Histórias de documentos assinados pessoalmente por Getúlio Vargas. De uma sogra que não consegue explicar direito como, mas viu o parto da nora através da janela fechada da maternidade. De um caixão cuja tampa abriu no elevador e o braço do morto saiu, parecendo chamar o amigo que o acompanhava para estender a viagem para o além. Havia uma promessa de amizade eterna entre os dois.

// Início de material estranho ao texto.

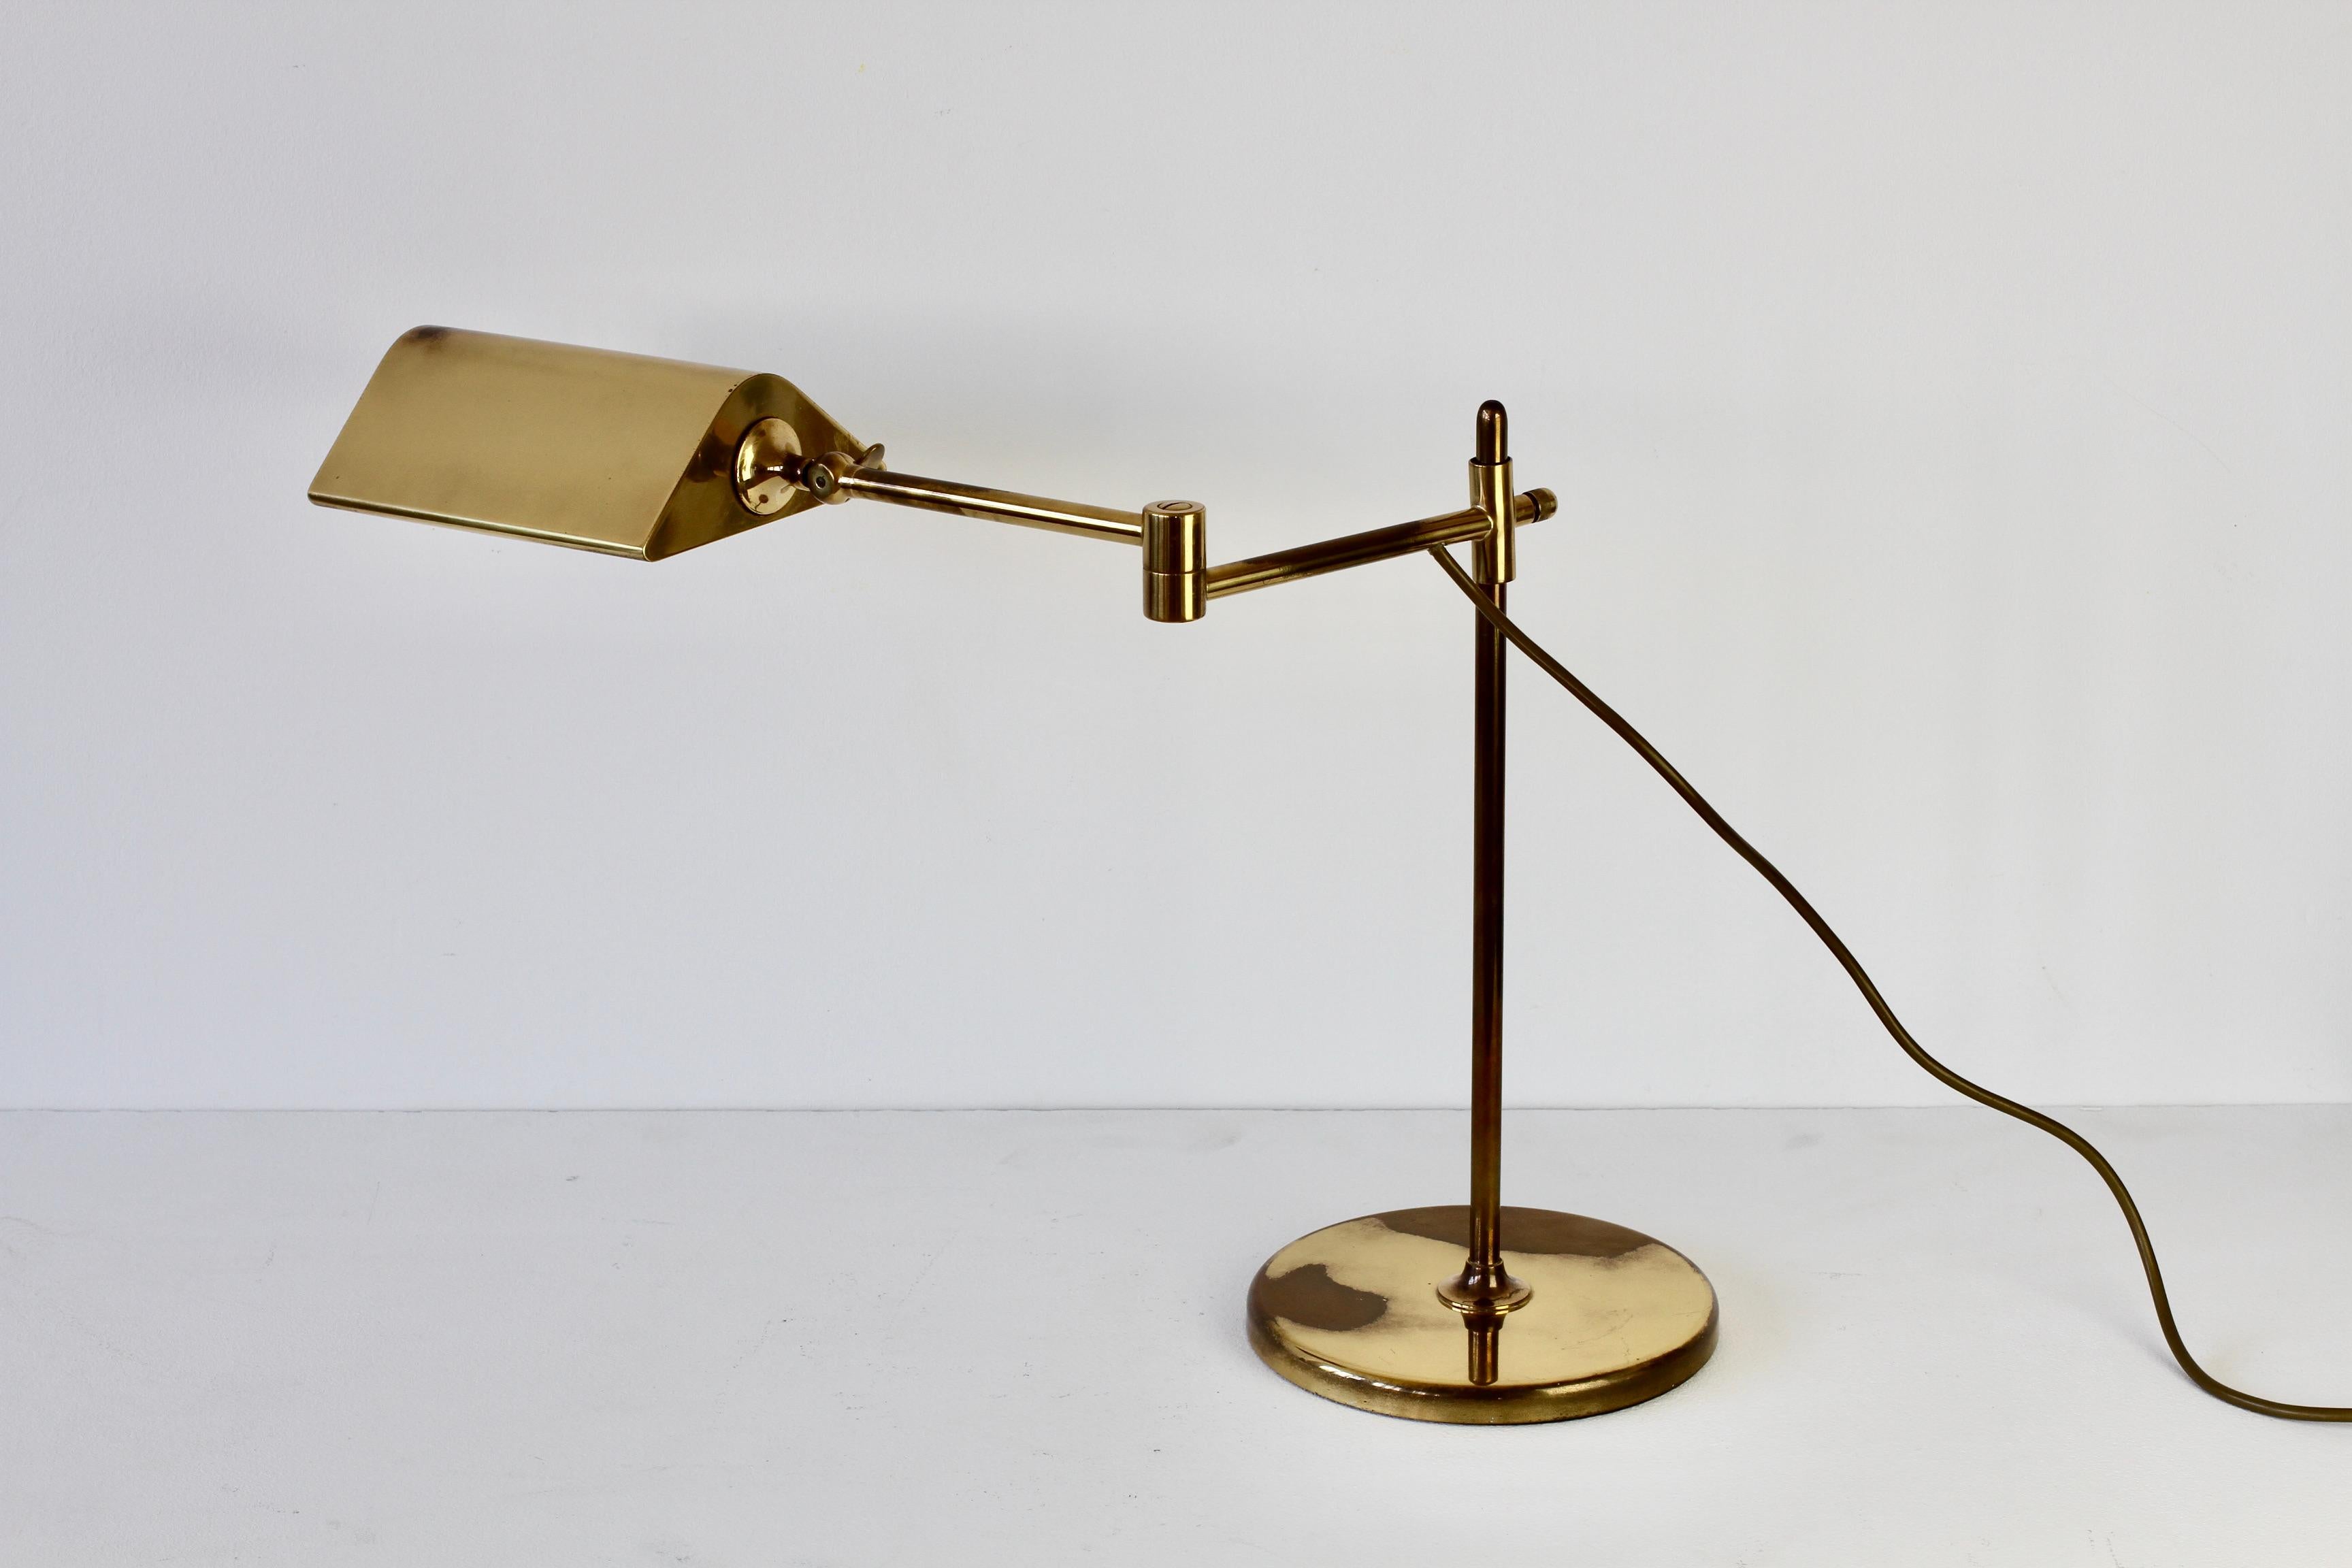 Merveilleuse lampe de table ou lampe de bureau allemande vintage de style moderne du milieu du siècle, conçue par Florian Schulz dans les années 1970. Cette lampe a été fabriquée vers les années 1970 et est un modèle assez rare avec le bras

Quando chegaram ao térreo, ele gritava: Era brincadeira, Moishe!
Histórias de sobreviventes de Auschwitz que se encontravam semanalmente no Buraco da Sara, lá no Bom Retiro, para tomar vodca às 9h da manhã. Eles sabiam ser felizes, diz um tio, e o outro rebate, não, eles sabiam era viver.
Quem sempre aparecia era o vendedor de giletes do bairro com o seu sobretudo – era lá que ele carregava todos os seus produtos. Num desses encontros etílicos, ele abre o casaco e mostra o seu segredo: caviar contrabandeado. O pai de alguém resolve comprar uma caixa e guarda no porta-malas do carro. Mas ele esquece a latinha e só lembra depois de três dias. Quando abrem o porta-malas, descobrem que ela explodiu e o cheiro das ovas não vai abandoná-los tão cedo. Não conte pra mamãe, ele pede.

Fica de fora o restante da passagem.